Example use case: an application writes logs to a file instead of stdout. A sidecar container tails that file and sends it to a log aggregator like Elasticsearch or Loki.

Pros:

  • Application-specific log processing (parsing, filtering, enriching) happens before logs leave the pod
  • Works when the application cannot log to stdout

Cons:

  • Adds resource overhead (CPU, memory) to every pod
  • Each pod requires its own sidecar instance, increasing operational complexity
  • Duplicates log collection logic across every pod instead of centralizing it at the node level

Sidecar logging is rarely used in modern Kubernetes clusters. Cluster level logging with DaemonSets is simpler and more resource efficient.

Cluster level logging with DaemonSet agents

This is the standard production pattern. A log collection agent (Fluentd, Fluent Bit, Logstash, or Vector) runs as a DaemonSet — one instance per node. Each agent instance:

  1. Watches /var/log/pods/ for new log files
  2. Reads and parses log entries
  3. Enriches logs with Kubernetes metadata (pod name, namespace, labels, node name)
  4. Forwards logs to a central backend (Elasticsearch, Loki, Splunk, Datadog, CubeAPM, etc.)

The agent runs outside the application pods, so it does not consume resources from the application workloads. It also survives pod restarts and evictions, ensuring logs are captured even when pods crash.

Pros:

  • Centralized log collection across all pods and nodes
  • Low per-pod overhead — one agent serves all pods on the node
  • Logs are stored durably in a searchable backend
  • Supports long term retention and compliance requirements

Cons:

  • Requires deploying and maintaining a log aggregation backend
  • Agent resource usage scales with log volume
  • Misconfigured agents can drop logs or overwhelm the backend

This pattern is used by most production Kubernetes clusters. The choice of agent (Fluentd vs. Fluent Bit vs. Vector) depends on resource constraints and processing requirements, while the backend choice depends on cost, deployment model, and feature needs.

Key Kubernetes Logging Signals and Metadata

Effective Kubernetes logging requires more than just capturing application log messages. Logs need to be enriched with Kubernetes-specific metadata so you can filter, search, and correlate logs across pods, namespaces, and services during incident response.

Container logs

These are the logs your application writes to stdout and stderr. They contain the actual log message content: error messages, request logs, debug output, stack traces.

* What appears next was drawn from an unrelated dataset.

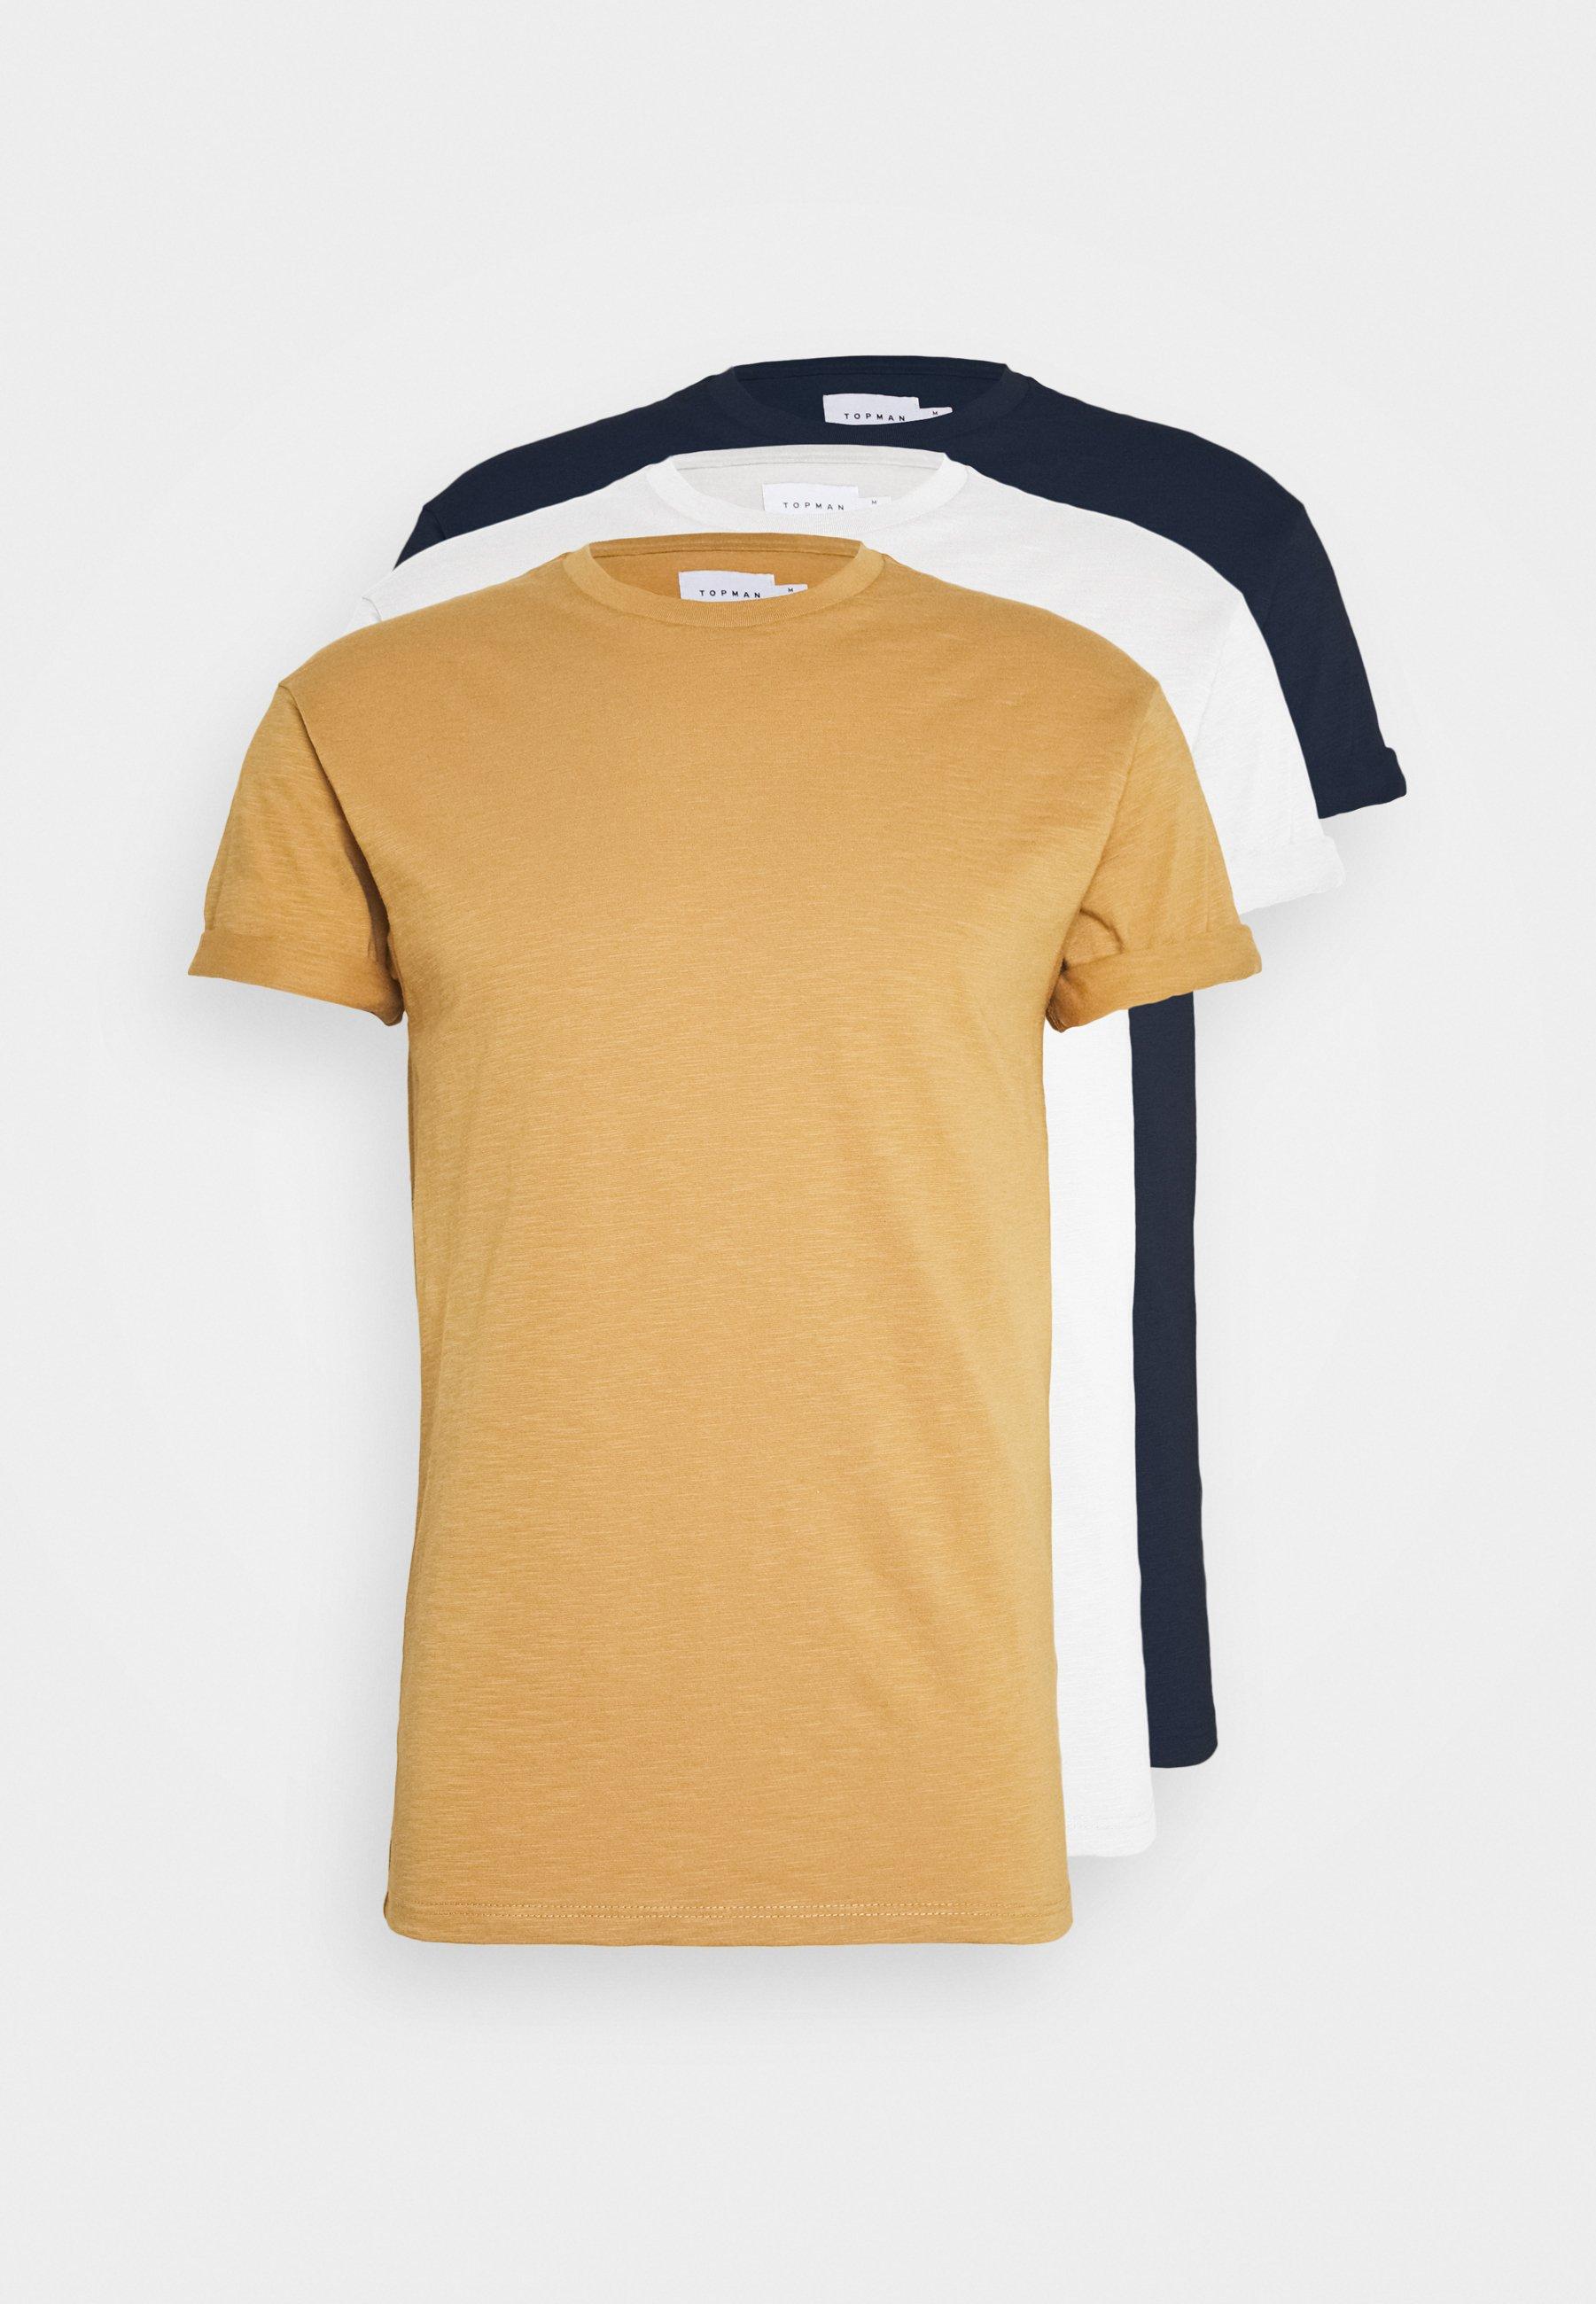 Topman 3 PACK T shirt basique beigekhakiblack ZALANDO.FR

When collected by a logging agent, each log line should be tagged with:

  • pod name and namespace
  • container name (if the pod has multiple containers)
  • node name where the pod is running
  • pod labels (often used to identify the service, environment, version)
  • pod UID (unique identifier that survives restarts)

Without this metadata, a log message like Error: connection timeout is nearly useless. With metadata, you can filter to namespace=production AND service=checkout and instantly see all timeout errors from your production checkout service.

Kubelet logs

The kubelet is the agent running on each node that manages pods and containers. Its logs are critical for diagnosing node-level issues: pod scheduling failures, image pull errors, volume mount problems, node resource exhaustion.

On Linux nodes using systemd, kubelet logs are written to journald. Access them with:

bash

journalctl -u kubelet

On nodes without systemd, kubelet logs are written to /var/log/kubelet.log.

Common kubelet log events to alert on:

  • FailedCreatePodSandbox: container runtime cannot create the pod sandbox
  • FailedMount: persistent volume mount failures
  • NodeNotReady: node status transitions to NotReady
  • OOMKilling: node is evicting pods due to memory pressure

Control plane component logs

Kubernetes control plane components generate logs that are essential for cluster-level troubleshooting:

  • kube-apiserver: all API requests, authentication failures, admission webhook rejections
  • kube-scheduler: pod scheduling decisions, node affinity failures
  • kube-controller-manager: reconciliation loops, deployment rollouts, replica scaling
  • etcd: cluster state changes, snapshot operations

On managed Kubernetes services (EKS, GKE, AKS), control plane logs are often shipped to the cloud provider’s log service (CloudWatch, Cloud Logging, Azure Monitor) and are not accessible via kubectl logs. You must configure log export from the control plane to your centralized logging backend.

On self-managed clusters, control plane components typically run as static pods or systemd services. Access their logs via:

bash

kubectl logs -n kube-system kube-apiserver-<node-name>

or:

bash

journalctl -u kube-apiserver

Kubernetes events

Kubernetes events are cluster-generated messages about state changes: pod starts, crashes, evictions, scaling events, failed health checks. Events are stored in etcd and expire after 1 hour by default.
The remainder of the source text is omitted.